Need to see challala.txt for a definitive test.
#include <math.h>
#include <stdio.h>
#include <stdlib.h>
#include <string.h>
// Why use a coarse approximation?
//#define PI 3.1415926536
#define PI 3.1415926535897932384626433832795
// Let us stick to double only.
//float s(float x, float);
double s(double x, double);
// Add void, else declaration does not check the parameters.
//double AWGN_generator();
double AWGN_generator(void);
// These should have already been declared in <stdio.h>
// FILE* fopen(const char* nomDuFichier, const char* modeOuverture);
// int fclose(FILE* pointeurSurFichier);
int main(int argc, char *argv[]) {
//parameters
double eps = 0.05;
// float f = 0.215;
double f = 0.215;
double mu = 1.1;
double D = 0.001;
int time_window = 90;
// Unclear why `int/long` used here. size_t would be idiomatic for array sizing.
int num_points = 1000;
long num_neurons = 1000;
// Avoid integer division when a FP quotinet is desired
// double deltaT = time_window / num_points;
double deltaT = 1.0*time_window / num_points;
int i;
//time
double Time[num_points];
Time[0] = 0.0;
for (i = 1; i < num_points; i++)
{
Time[i] = Time[i - 1] + deltaT;
}
//opening file for saving data
FILE* fichier = NULL;
fichier = fopen("challala.txt", "w");
if (fichier != NULL) {
double v[num_points][num_neurons];
// zero fill use wrong type in sizeof.
// Avoid type in sizeof, better to use sizeof object
// memset(v, 0, num_points * num_neurons * sizeof(long));
memset(v, 0, sizeof v);
// Let us use FP here.
//long compteur[num_points];
double compteur[num_points];
memset(compteur, 0, sizeof compteur);
int pos_1;
int pos_2;
//Euler's method
for (pos_1 = 1; pos_1 < num_points; pos_1++)
{
for (pos_2 = 0; pos_2 < num_neurons; pos_2++) {
// float t = Time[pos_1 - 1];
double t = Time[pos_1 - 1];
v[pos_1][pos_2] = v[pos_1 - 1][pos_2]
+ deltaT * (-v[pos_1 - 1][pos_2] + mu + eps * s(t, f))
+ sqrt(2 * D * deltaT) * AWGN_generator();
if (v[pos_1][pos_2] > 1) {
v[pos_1][pos_2] = 0;
compteur[pos_1] += 1 / deltaT / num_neurons;
}
}
// Change of type
// fprintf(fichier, "%ld", compteur[pos_1]);
fprintf(fichier, " %g", compteur[pos_1]);
}
fclose(fichier);
printf("ca a marche test.txt");
} else {
// Was not the file another name?
// printf("Impossible d'ouvrir le fichier test.txt");
printf("Impossible d'ouvrir le fichier \"%s\"\n", challala.txt);
}
return 0;
}
//float s(float x, float f) {
double s(double x, double f) {
// M_PI is not defined in the standard C library, although common in extensions.
//return sin(2 * M_PI * f * x);
return sin(2 * PI * f * x);
}
double AWGN_generator() {
double temp1;
double temp2;
double result;
int p;
p = 1;
while (p > 0) {
temp2 = (rand() / ((double) RAND_MAX));
if (temp2 == 0) { // temp2 is >= (RAND_MAX / 2)
p = 1;
} // end if
else { // temp2 is < (RAND_MAX / 2)
p = -1;
} // end else
} // end while()
temp1 = cos((2.0 * (double) PI) * rand() / ((double) RAND_MAX));
result = sqrt(-2.0 * log(temp2)) * temp1;
return result; // return the generated random sample to the caller
}
Minor and advanced numeric issue:
Realize that quotient 1.0*time_window / num_points maybe be a little different than mathematical expected due to finite precision of double.
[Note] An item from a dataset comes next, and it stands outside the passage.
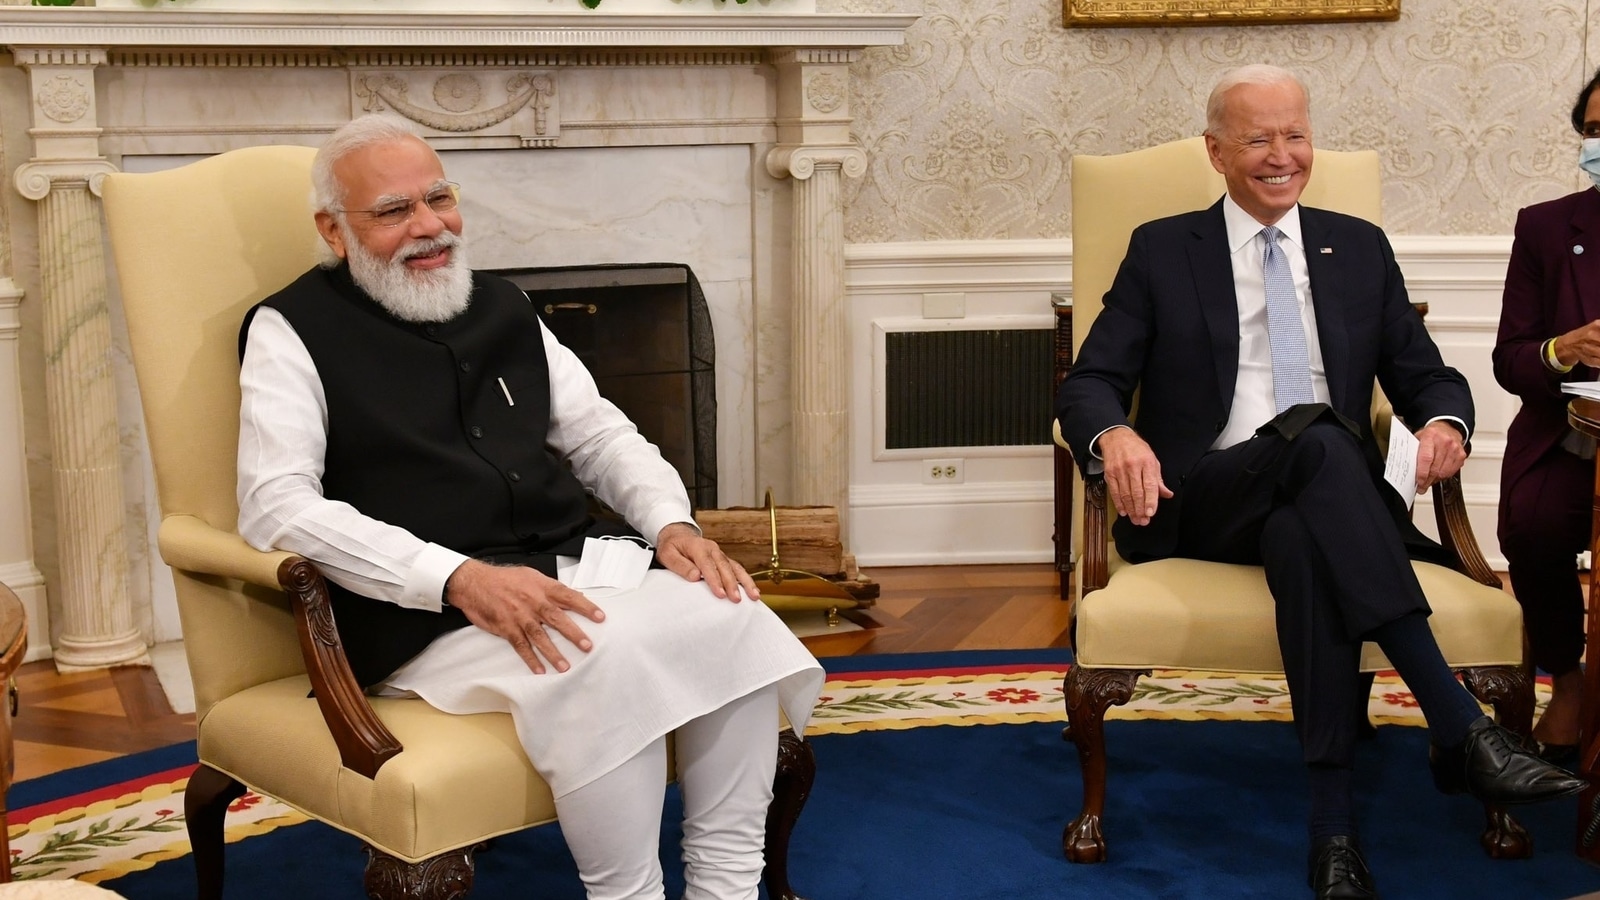 5 Bidens in India: PM Modi, Biden share light moment as Modi says he has  their papers | Latest News India - Hindustan Times

This is, at worst, expected to be a very small amount, maybe about 0.5 parts in 253.
Yet the repetitive additions accumulate the error.
double deltaT = 1.0*time_window / num_points;
int i;
double Time[num_points];
Time[0] = 0.0;
for (i = 1; i < num_points; i++) {
Time[i] = Time[i - 1] + deltaT;
}
To avoid that accumulated error, code can re-calculate Time[i] anew on each iteration.
double deltaT = 1.0*time_window / num_points;
double Time[num_points];
for (int i = 0; i < num_points; i++) {
Time[i] = deltaT*i;
}
Of course, such small errors are often ignorable, but mayne not when num_points is large enough. This happens when your good code is applied to ever larger tasks.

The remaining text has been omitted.